Re: Problem compiling umax-driver with glibc-2.03

Andrew Kuchling (amk@magnet.com)
Sat, 21 Jun 1997 16:09:26 -0400 (EDT)

Michael K. Johnson wrote:
> David Mosberger-Tang writes:
> >I think it would be neat if there
> >was good OCR support in SANE, but don't have experience with this
> >myself (I tried xocr once, but it failed miserably on the Alpha, which
> >I assumed was due to some 64 bit problems).
> There's public-domain handwriting OCR software available from NIST.

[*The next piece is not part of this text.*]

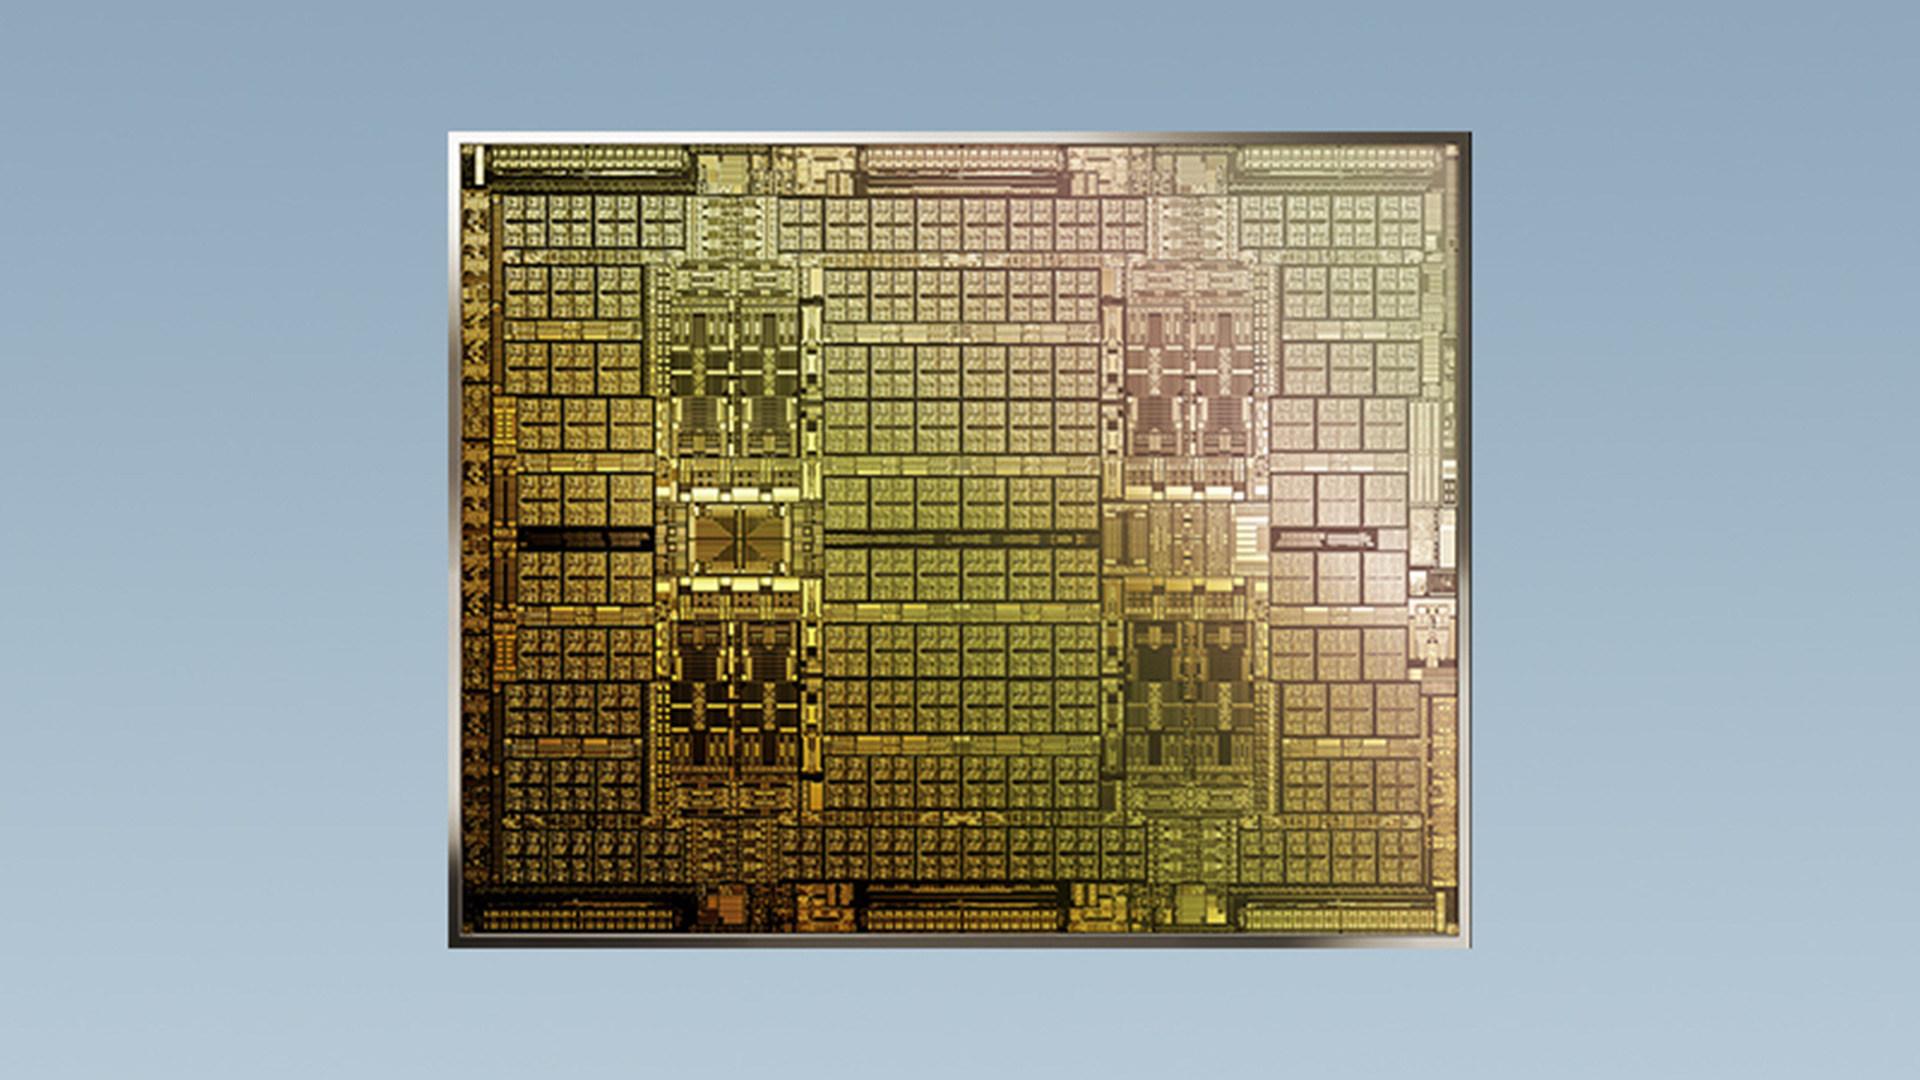 Nvidia, Gpu, Geforce, Kryptowährung, Mining, Grafikprozessor, Ethereum, virtuelle Währung, CMP, Cryptocurrency Mining Company, HX30, HX40, HX50, HX90, Nvidia GeForce CMP

My summer project is to write some sort of OCR software so I
can help the Gutenberg Project; running Linux/AXP only, I'm not about
to buy NT just for this one thing, and it's a good chance to learn
image processing and neural networks. Image processing textbooks and
C.M. Bishop's _Neural Networks For Pattern Recognition_ are in hand,
so all I need is to buy a scanner that works with SANE and start
working on code.

The 60-page document that comes with the NIST software is a
really good overview of how the software works:

1) Take the scanned data, and find the form's reference
points. Rotate the image so it's aligned and scaled properly, and XOR
out the form image leaving only the handwritten data.

2) Use various heuristics to group regions into letters and
lines. This probably involved lots of trial and error with real data.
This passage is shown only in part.